Once a Risk is Identified, it MUST be Assessed

On 16 January 2019, an employee of the Queensland Museum was diagnosed with a spinal abscess as a result of Q Fever. On 22 February 2019, a second employee was diagnosed with Q Fever.

Although the source of the bacteria that causes Q Fever was not identified, the taxidermy of native animals and fieldwork with respect to collecting specimens was identified as the likely source.

The defendant was employed by the Museum in the role of Work Health, Safety and Risk Manager. From at least 2015, the defendant had been aware of the risk of Q Fever to Museum staff who carried out taxidermy work as she had attended a Workplace Health and Safety Presentation on biological hazards. The Inspector who conducted the presentation had also spoken with the defendant about the risk of various illnesses associated with taxidermy work on native animals. On 15 and 16 October 2015, the defendant exchanged communications with the Inspector that, amongst other things, referred explicitly to the risk of Q Fever to employees of the Museum. Following these communications, the defendant commenced a risk assessment but failed to finalise it. The sentencing Magistrate accepted that the defendant’s workload at the time was large, contributing to the failure to complete the risk assessment.

In imposing a good behaviour bond of $1,500 and declining to record a conviction, the Magistrate noted the very low to remote probability of the risk materialising and a range of other factors that helped mitigate the level of the defendant’s offending.

Any person employed in a work health and safety role needs to be mindful that their acts and omissions are more likely to impact the health and safety of other persons in the PCBU simply by virtue of the position that they hold.
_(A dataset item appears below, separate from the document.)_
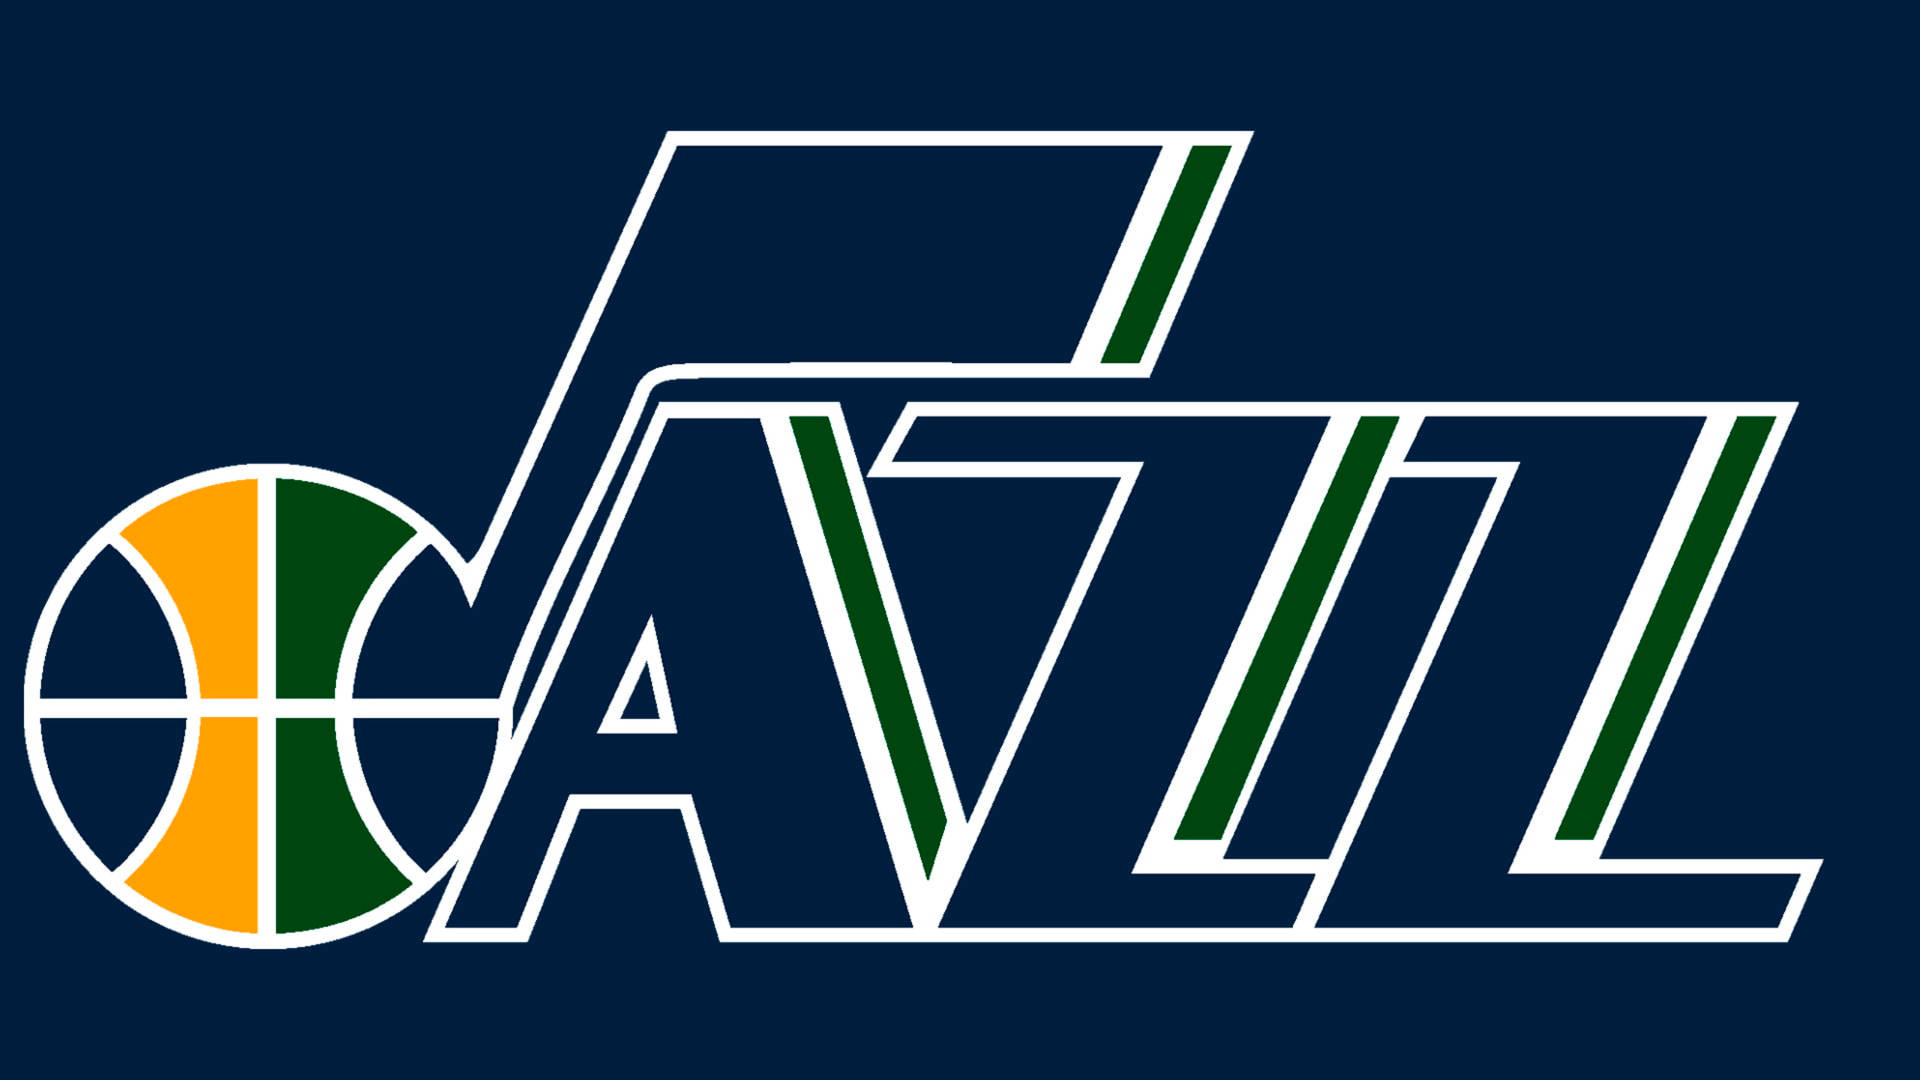 Utah Jazz Name Logo On Blue Background

It is critical in these roles to ensure that, where risks to the business or undertaking or persons within the PCBU have been identified, the management of the risk is finalised and then reviewed as needed. If the management of an identified risk is delayed (because of workload or funding, for instance), this itself becomes a risk to the PCBU. In this instance, one of the findings made by the Magistrate was that the defendant ought to have raised the information with the line manager and undertaken or ensured a risk assessment was finalised.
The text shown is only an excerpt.